TEST_DATA_URL = "https://storage.googleapis.com/tf-datasets/titanic/eval.csv"
train_file_path = tf.keras.utils.get_file("train.csv", TRAIN_DATA_URL)
test_file_path = tf.keras.utils.get_file("eval.csv", TEST_DATA_URL)

print(test_file_path)

/Users/ness/.keras/datasets/eval.csv


# Visualization
Lets visualize how this file looks like. We are going to use the `head` command. By default it returns the first 10 lines of a file

In [59]:
!head {train_file_path}

survived,sex,age,n_siblings_spouses,parch,fare,class,deck,embark_town,alone
0,male,22.0,1,0,7.25,Third,unknown,Southampton,n
1,female,38.0,1,0,71.2833,First,C,Cherbourg,n
1,female,26.0,0,0,7.925,Third,unknown,Southampton,y
1,female,35.0,1,0,53.1,First,C,Southampton,n
0,male,28.0,0,0,8.4583,Third,unknown,Queenstown,y
0,male,2.0,3,1,21.075,Third,unknown,Southampton,n
1,female,27.0,0,2,11.1333,Third,unknown,Southampton,n
1,female,14.0,1,0,30.0708,Second,unknown,Cherbourg,n
1,female,4.0,1,1,16.7,Third,G,Southampton,n


# Create a dataset with tensorflow
Next we need to create a dataset we can work with. The `tf.data.experimental.make_csv_dataset` command will create a dataset from the csv file we input. The nice thing is that it will separate our features from our label returning a tuple: (features, label). We need to specify our **target** column in the `label_name` command.

In [62]:
dataset = tf.data.experimental.make_csv_dataset(
    train_file_path,
    batch_size=5,
    label_name='survived',
    na_value='?',
    num_epochs=1,
    ignore_errors=True,
    shuffle=False)

Now lets analyze the dataset that the function has return. 
This is the documentation for the `experimental.make_csv_dataset`:
Reads CSV files into a dataset, where each element of the dataset is a (features, labels) tuple that corresponds to a batch of CSV rows.

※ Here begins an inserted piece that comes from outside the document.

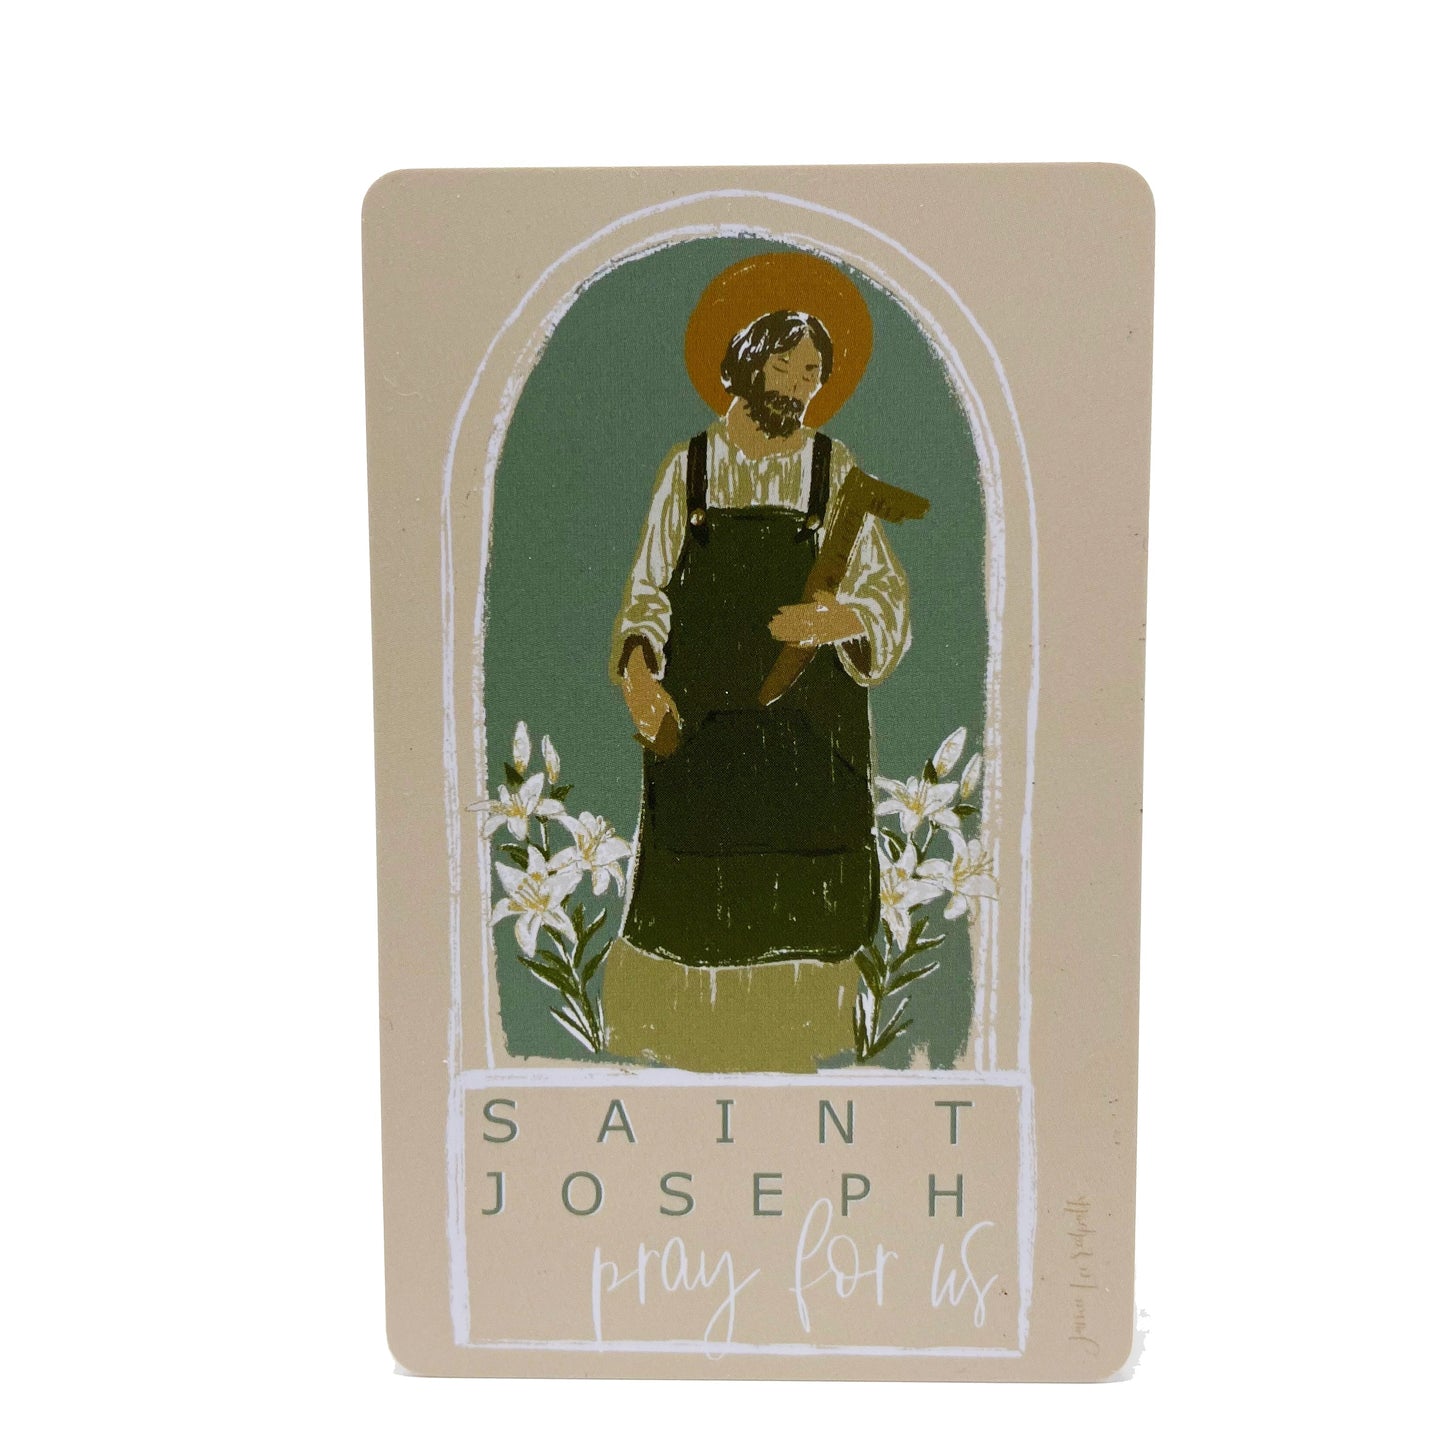 St. Joseph Prayer Cards - Durable Plastic Wallet Sized Holy Cards (25 pk)
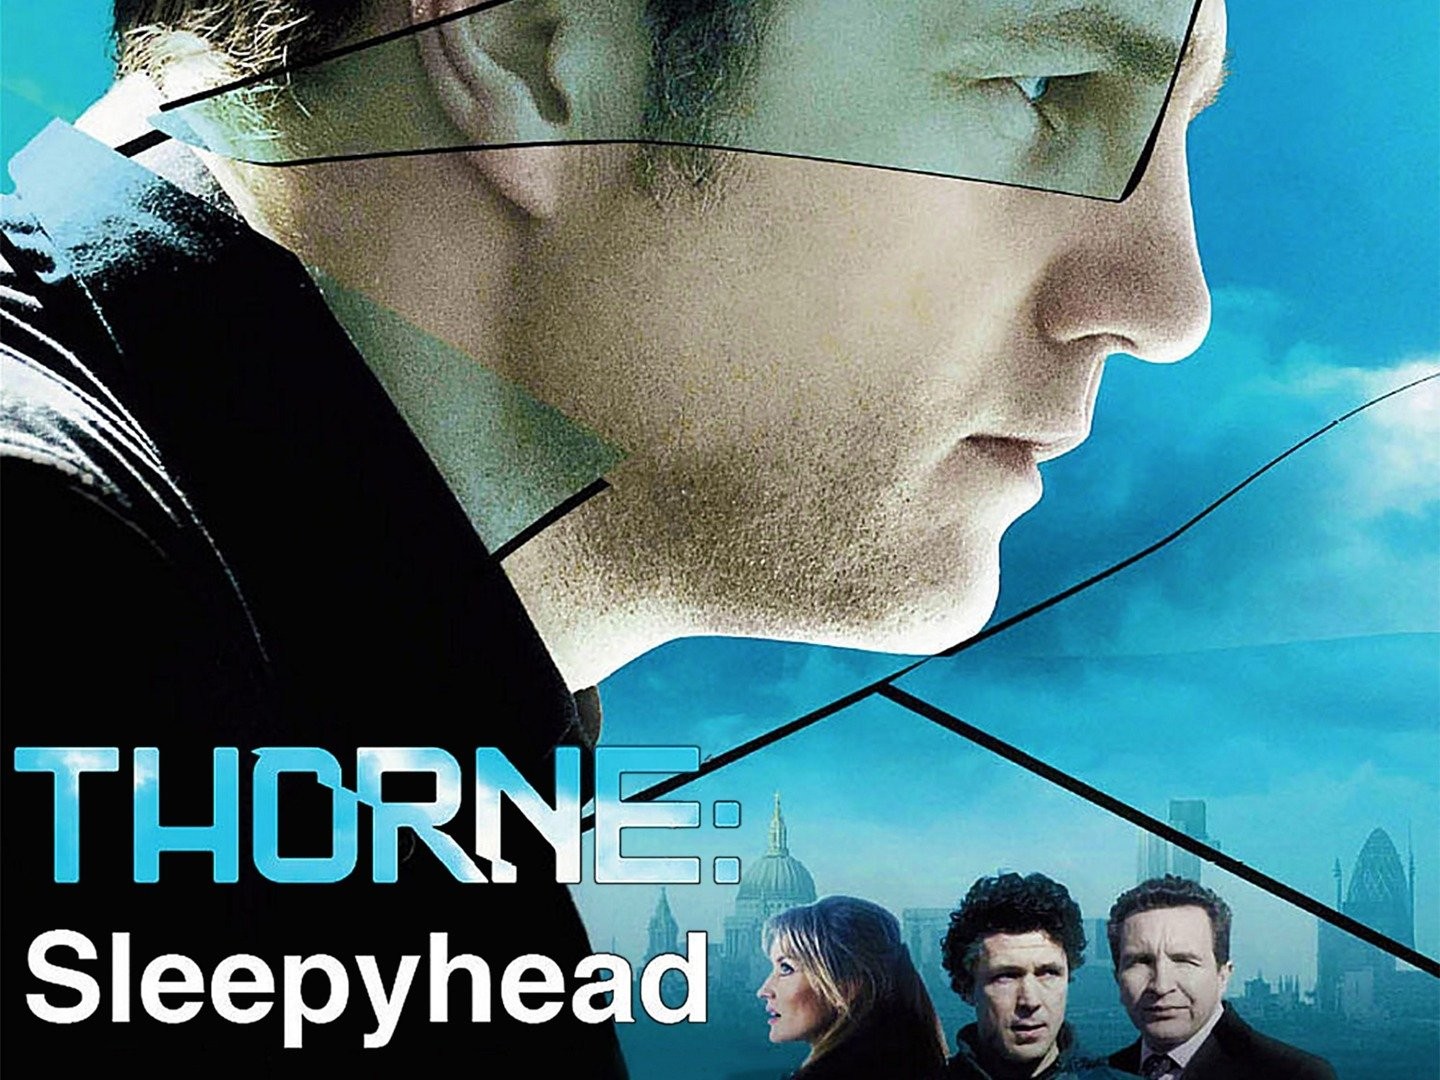 Thorne (TV series) - Wikipedia

The features dictionary maps feature column names to Tensors containing the corresponding feature data, and labels is a Tensor containing the batch's label data

**Notice how important is that the features is an ordered dictionary**

In [64]:
#for element in dataset.take(1):
 #   print(f'Each element of the dataset is a tuple(features, labels)-> Type: {type(element)}, length:{len(element)}')

# Tuple (Features: OrderedDict, label: Tensor)
for features, label in dataset.take(1):
    print(f'The label element is a tensor: {type(label)}')
    print(f'---> Label Tensor shape:{label.shape}')
    print(f'---> Label content:{label.numpy()}')
    print(f'The features element is a dictionary: {type(features)}')
    print(f'---> features contains {len(features)} (key, value) objects')
    for (key, value) in features.items():
        print("--->{:20s}:{}".format(key, value))

The label element is a tensor: <class 'tensorflow.python.framework.ops.EagerTensor'>
---> Label Tensor shape:(5,)
---> Label content:[0 1 1 1 0]
The features element is a dictionary: <class 'collections.OrderedDict'>
---> features contains 9 (key, value) objects
--->sex                 :[b'male' b'female' b'female' b'female' b'male']
--->age                 :[22. 38. 26. 35. 28.]
--->n_siblings_spouses  :[1 1 0 1 0]
--->parch               :[0 0 0 0 0]
--->fare                :[ 7.25   71.2833  7.925  53.1     8.4583]
--->class               :[b'Third' b'First' b'Third' b'First' b'Third']
--->deck                :[b'unknown' b'C' b'unknown' b'C' b'unknown']
--->embark_town         :[b'Southampton' b'Cherbourg' b'Southampton' b'Southampton' b'Queenstown']
--->alone               :[b'n' b'n' b'y' b'n' b'y']


![From csv to Dataset](figs/csv_to_dataset.png)

In [71]:
# Lets put everything into functions, so we can work without repeating code

# Create a function that uses make_csv_dataset
def create_dataset(file_path, label_name, **kwargs):
    dataset = tf.data.experimental.make_csv_dataset(
        file_path,
        batch_size=5,
        label_name=label_name,
        na_value='?',
        num_epochs=1,
        ignore_errors=True,
        shuffle=False,
        **kwargs)
    return dataset

# create a function that describes the dataset
def describe_dataset(dataset):
    for features, label in dataset.take(1):
        print(f'The label element is a tensor: {type(label)}')
        print(f'---> Label Tensor shape:{label.shape}')
        print(f'---> Label content:{label.numpy()}')
        print(f'The features element is a dictionary: {type(features)}')
        print(f'---> features contains {len(features)} (key, value) objects')
        for (key, value) in features.items():
            print("--->{:20s}:{}".format(key, value))

There is a number of things we can do with this dataset.
Suppose you don't want all the columns of the CSV file, you just need some of them. 
You can specify what you want in a list array:
`SELECT_COLUMNS = ['survived', 'age', 'n_siblings_spouses', 'class', 'deck', 'alone']`
And create a new dataset with just that

In [73]:
SELECT_COLUMNS = ['survived', 'age', 'n_siblings_spouses', 'class', 'deck', 'alone']
temp_dataset = create_dataset(train_file_path, label_name='survived', select_columns=SELECT_COLUMNS)
describe_dataset(temp_dataset)

The label element is a tensor: <class 'tensorflow.python.framework.ops.EagerTensor'>
---> Label Tensor shape:(5,)
---> Label content:[0 1 1 1 0]
The features element is a dictionary: <class 'collections.OrderedDict'>
---> features contains 5 (key, value) objects
--->age                 :[22. 38. 26. 35. 28.]
--->n_siblings_spouses  :[1 1 0 1 0]
--->class               :[b'Third' b'First' b'Third' b'First' b'Third']
--->deck                :[b'unknown' b'C' b'unknown' b'C' b'unknown']
--->alone               :[b'n' b'n' b'y' b'n' b'y']